Haidamaka

Hajdamaken ( from the Turkish haydamak, hajdamak - Raiders, Hungarian - lightly armed warriors) were peasants and Cossacks who took part in Ukraine right of the Dnieper ( Dnipro ukrain. ) on the so-called Hajdamakenaufstand 1768.

Throughout the 18th century, the rural population was exploited by the Polish szlachta of feudalism. 1768 then became a relentless peasant uprising in the struggle against foreign domination. Were led insurgent Hajdamaken of the Zaporozhian Cossacks Maksym Zaliznyak and deserting from the Polish Guard officer Ivan Honta.

With the introduction of serfdom by the Polish nobility worsened the living conditions of the rural population. The Hajdamaken taught at a horrible massacre (June 1768) in the town of Uman, where the Polish nobility had fled. In addition to the Polish nobility were also Jesuits and members of the Uniate Church, which were regarded as allies of the Catholic Poles, as well as many Jews victim of the fury of the insurgents.
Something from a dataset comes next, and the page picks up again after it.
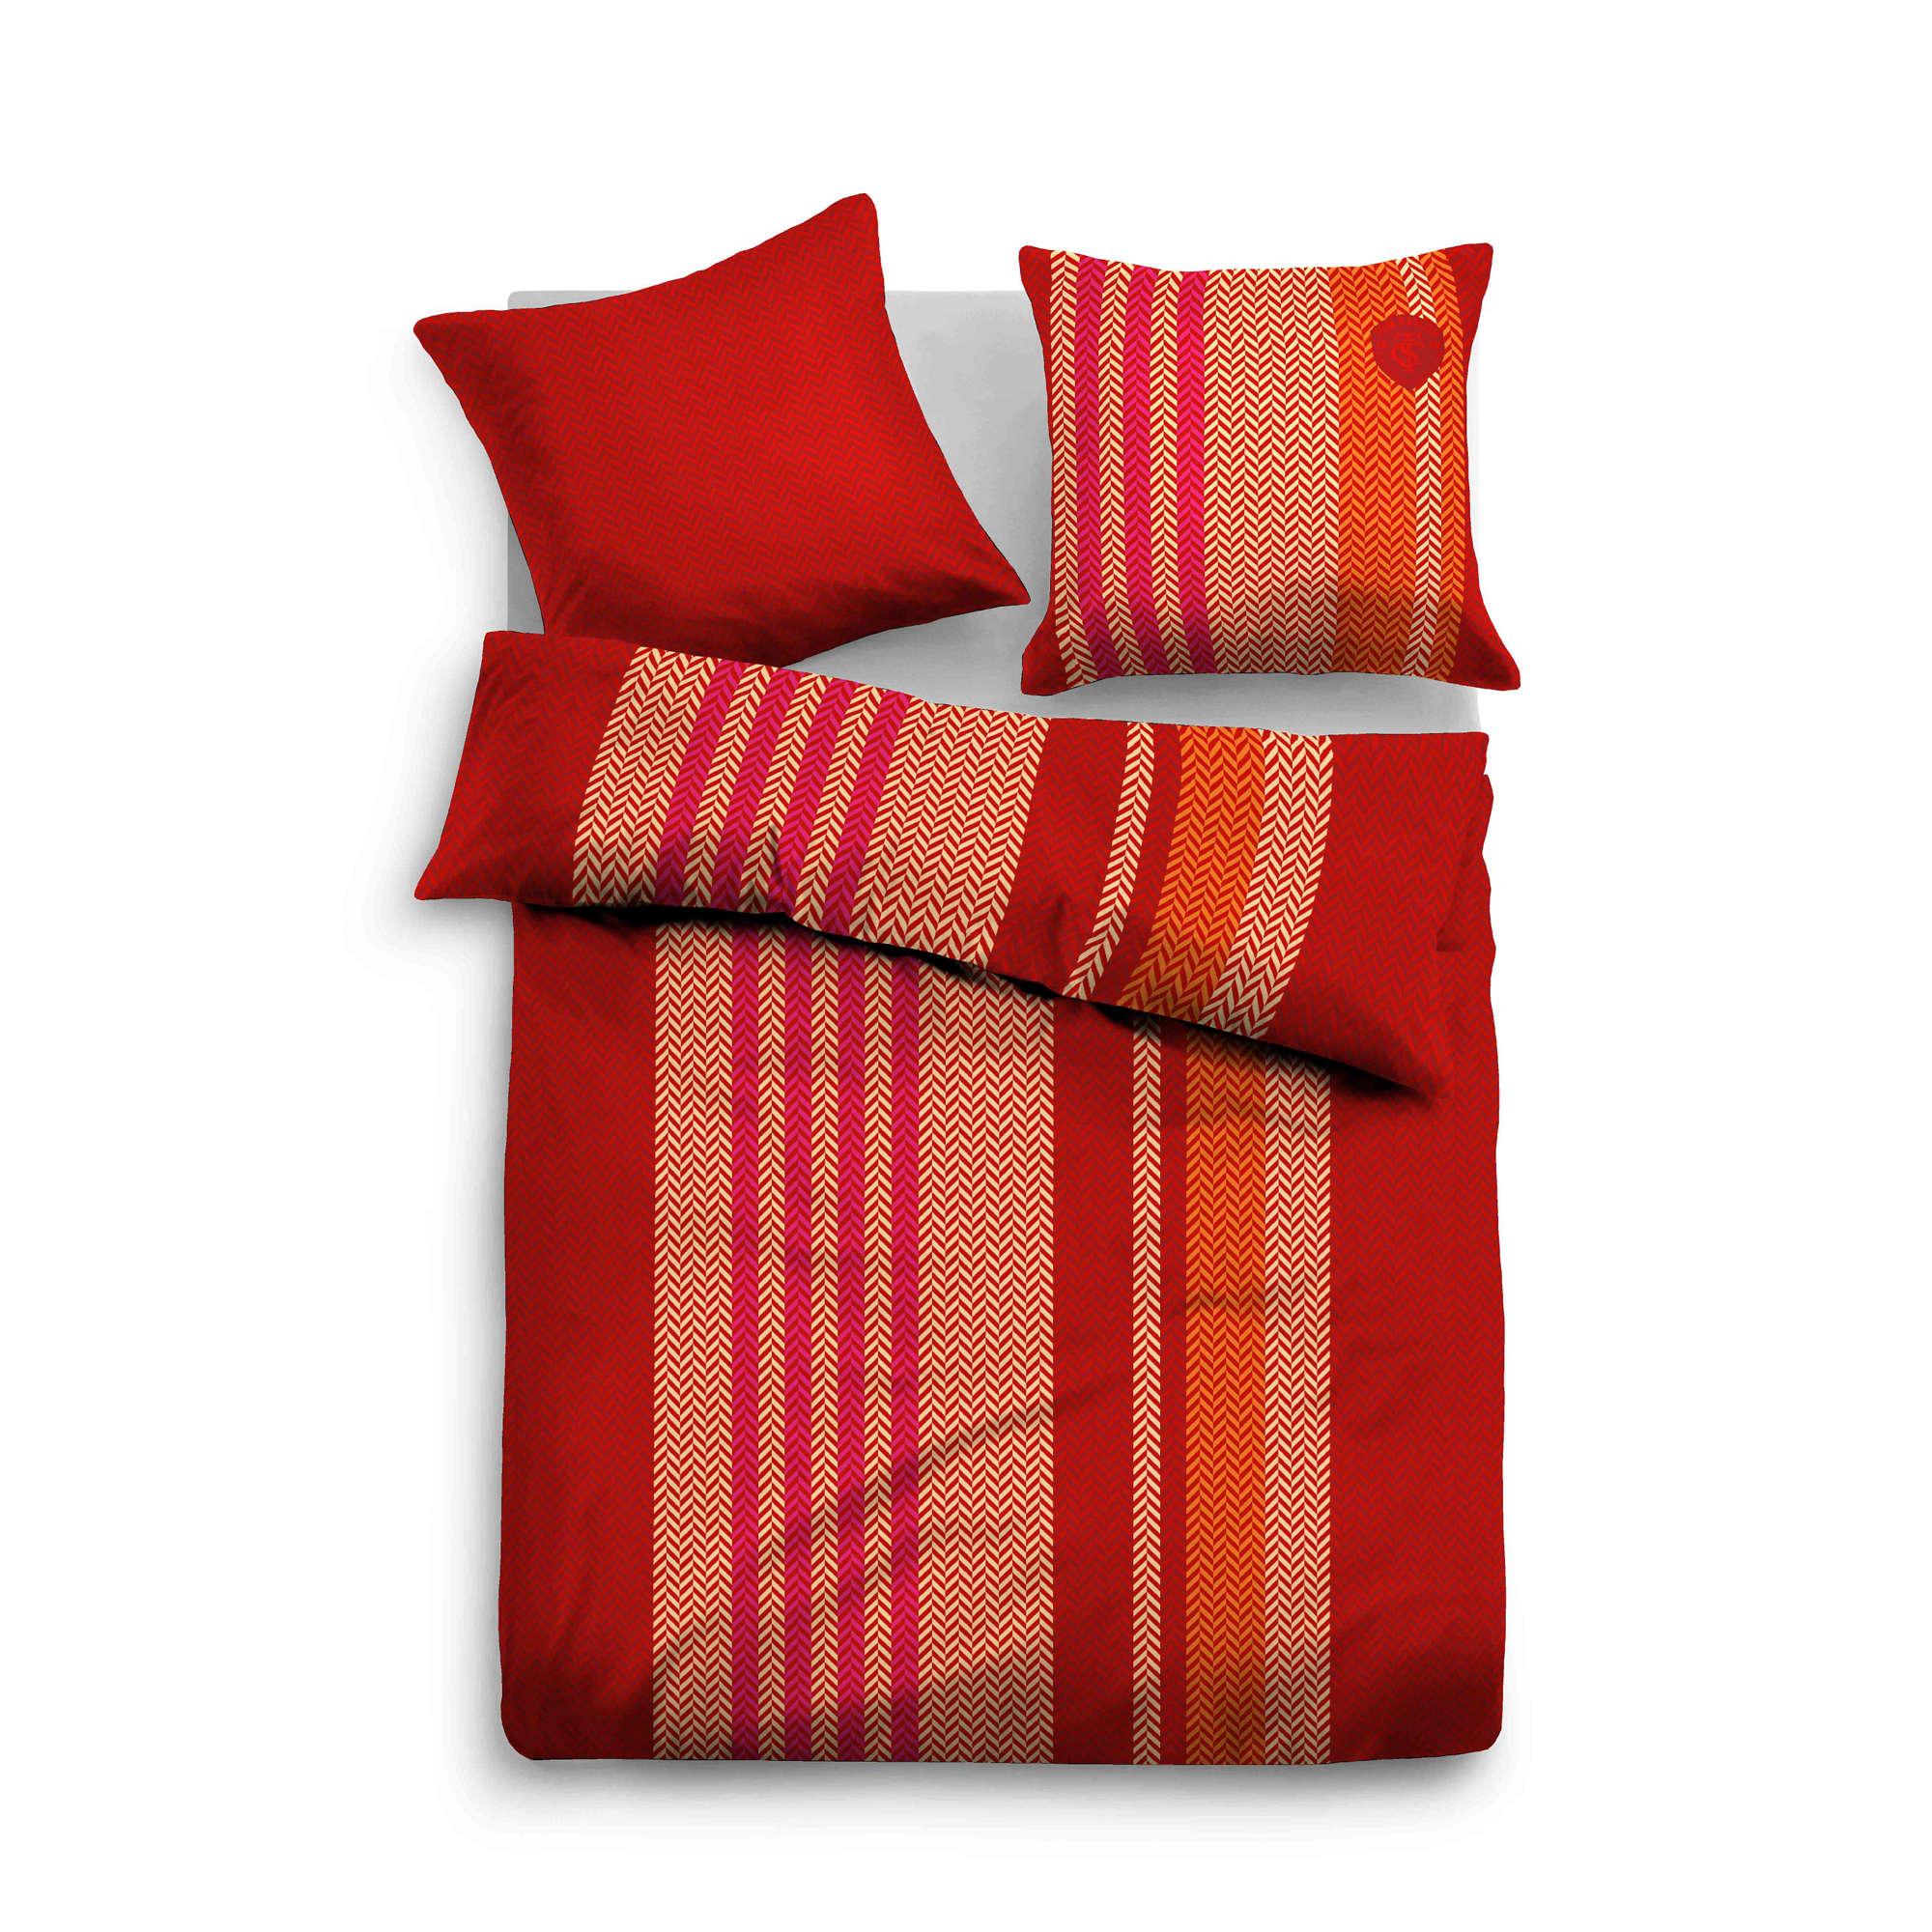 tom tailor bettw sche rot flanell. Black Bedroom Furniture Sets. Home Design Ideas

Jews formed in Galicia and Volhynia long time the middle class between Polish landowners and the Ruthenian peasants. They were active as merchants and innkeepers, often referred to as estate manager and tax collector of the nobility, which they had made ​​during the uprising of Bohdan Khmelnytsky mid-17th century the target of hatred.

In the poem Hajdamaken Taras Shevchenko describes the situation at that time the Ukrainian peasants.